Rossana De Pace comincia allora un viaggio nel «concetto di sostenibilità emotiva, relazionale, ambientale e sociale, intesa come qualcosa che si sostiene, che può durare nel tempo e che per durare ha bisogno di cura e la cura ha bisogno di tempo. Il tempo è la chiave, trovare il proprio ritmo, fermarsi per scoprirlo, tornare all’essenziale, alle origini». Un percorso che l’ha portata dodici anni più tardi – con in tasca una laurea in canto pop al Conservatorio e dopo un nuovo trasferimento a Milano – alla realizzazione del suo primo lavoro discografico: l’Ep Fermati mondo. Dove alla frase di Terzani accomuna quella di Anthony Newley: “Fermate il mondo, fatemi scendere”. «Ma se scendo soltanto io, muoio. Dobbiamo scendere tutti», sostiene e canta nella title-track.
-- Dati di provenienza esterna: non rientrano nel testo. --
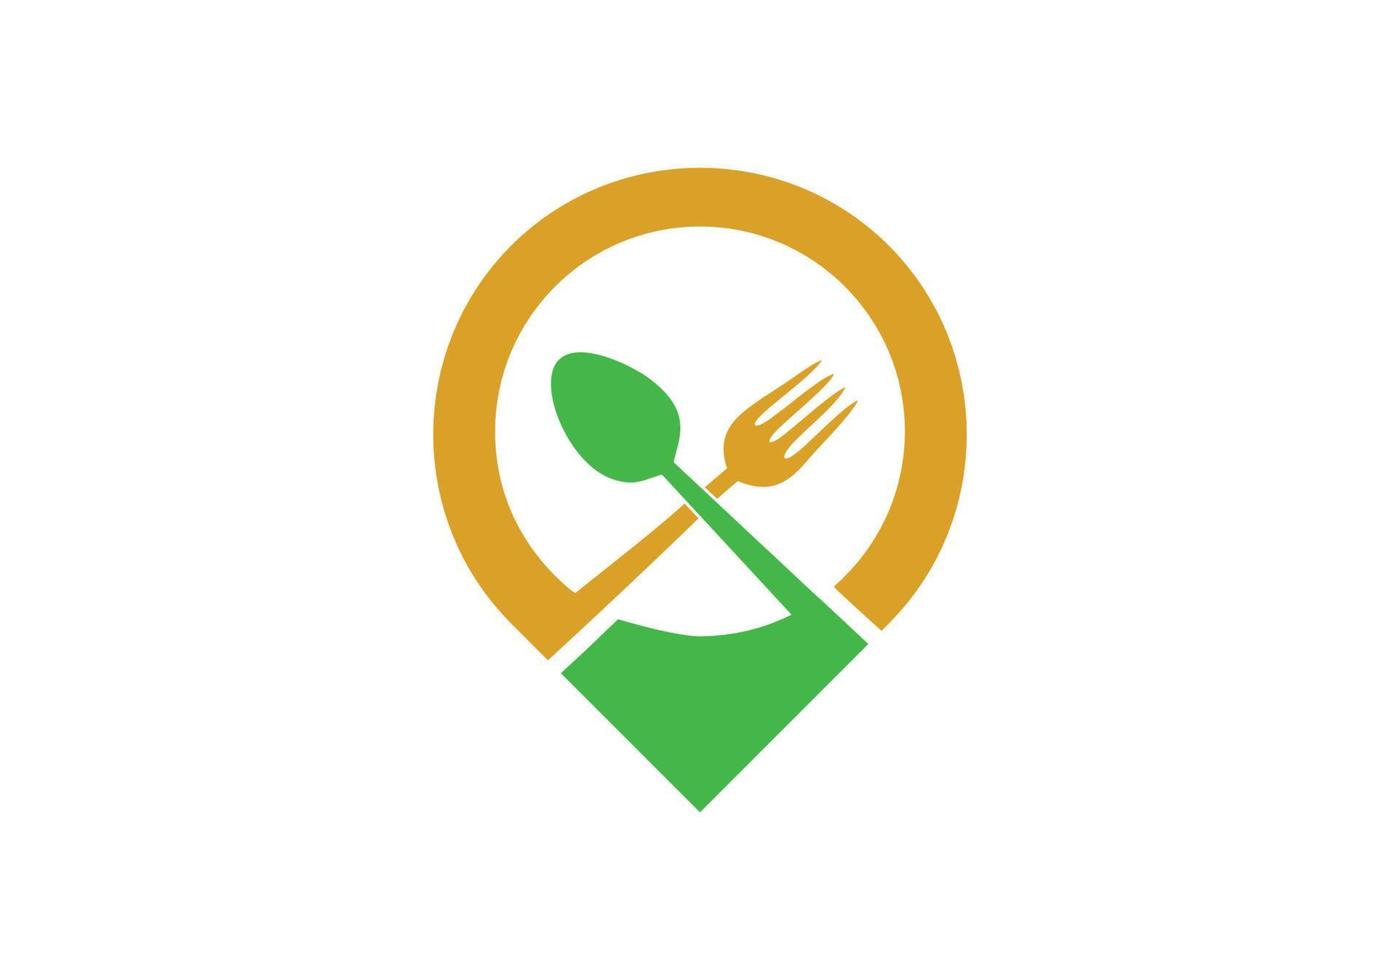 restaurant location logo design inspiration vector
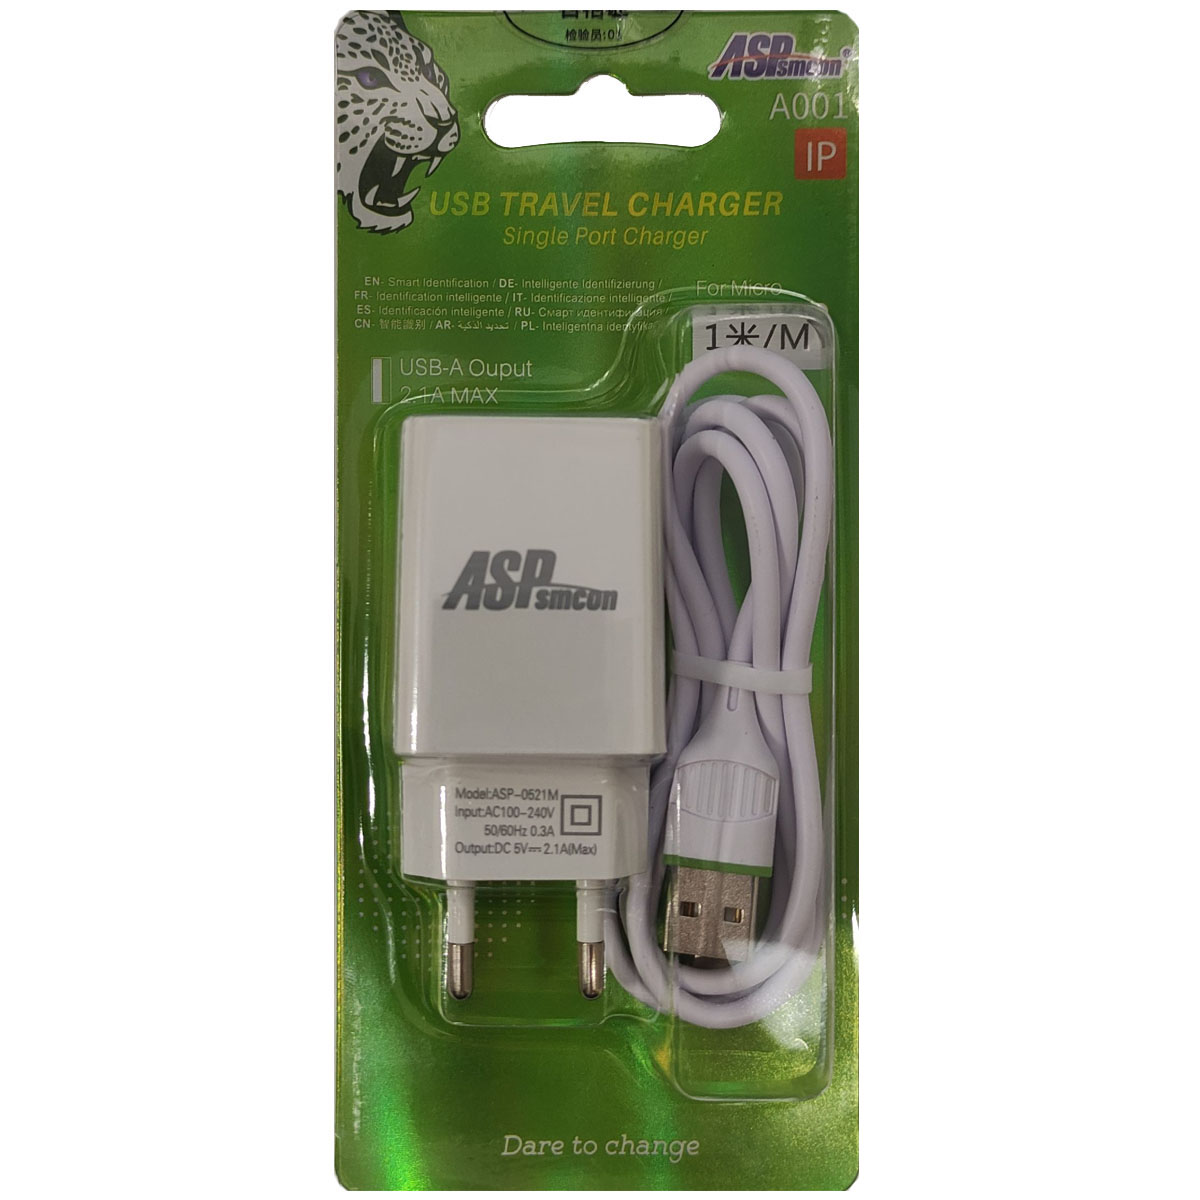 СЗУ (Сетевое зарядное устройство) ASPsmcon A001 с кабелем Lightning 8 pin, 2.1A, 1 USB, длина 1 метр, цвет белый

Semmai Rossana De Pace si proietta nella natura, della quale siamo semplicemente ospiti. Vive in simbiosi, come indica la copertina in cui la chioma di capelli s’intreccia con tanti legnetti, «come se la natura fosse parte di me ed io fossi parte di lei», spiega la cantautrice pugliese all’anteprima del disco al Medimex di Taranto. «Noi siamo pieni di desideri indotti, pensiamo che la carriera, il lavoro, siano gli unici motivi per vivere. Vogliamo avere, possedere per essere felici. Quando, invece, sarebbe meglio togliere, ridurre».
Anche musicalmente Rossana De Pace cerca di intrecciare la natura, la terra madre, espressa attraverso la world music e richiami ancestrali, con il suo mondo personale, intimo, descritto ricorrendo alla canzone d’autore. «Voglio mischiare due mondi. Non è un’impresa semplice, talvolta i linguaggi sono in contrasto. La canzone Sì nel cuore, no nella vita può sembrare un brano pop, ma le scale armoniche appartengono ad altri mondi e l’impostazione vocale è popolare».
Nelle movenze sul palco, esteticamente, nel modo di vestire e nella presenza, Rossana De Pace può ricordare Florence and The Machine, vicinanza che ammette, ma il suo punto di riferimento è soprattutto Silvia Pérez Cruz, cantante di fado, «molto teatrale, che con la voce riesce a descrivere i sentimenti. Anch’io lavoro molto sulla voce come strumento». Nel suo background culturale ci sono anche Napoli e la musica mediterranea «e poi le mie radici: le feste di paese a Mottola, il suono delle bande mi ha influenzato molto. Il sentimento ancestrale».
Alla cantautrice pugliese piace sperimentare. Non soltanto con la voce. Sul palco suona il basso, la chitarra elettrica e varie stregonerie elettroniche. Accanto al progetto solista, porta avanti altre esperienze strumentali, così come è parte di un collettivo femminista ed è coinvolta in un progetto di videoarte con al centro sempre l’uomo e la natura. Quella Terra Madre, alla quale si rivolge quasi in preghiera in un finale epico, molto coinvolgente ed emozionante. «È stato il primo brano che ho scritto», spiega. «Nasce proprio dal desiderio di essere libera. La Terra Madre è il luogo dove tornare, il luogo che ti accoglie sempre. È un concetto romantico».
Questa terra accogliente è la Puglia, dove Rossana De Pace ha trovato il sostegno di Puglia Sounds per portare avanti il suo progetto e concretizzare tutti quei premi e quelle coppe che hanno costellato la sua gavetta musicale cominciata per gioco a 8 anni. «Adesso insegno, scrivo e suono. Posso davvero pensare alla musica come lavoro».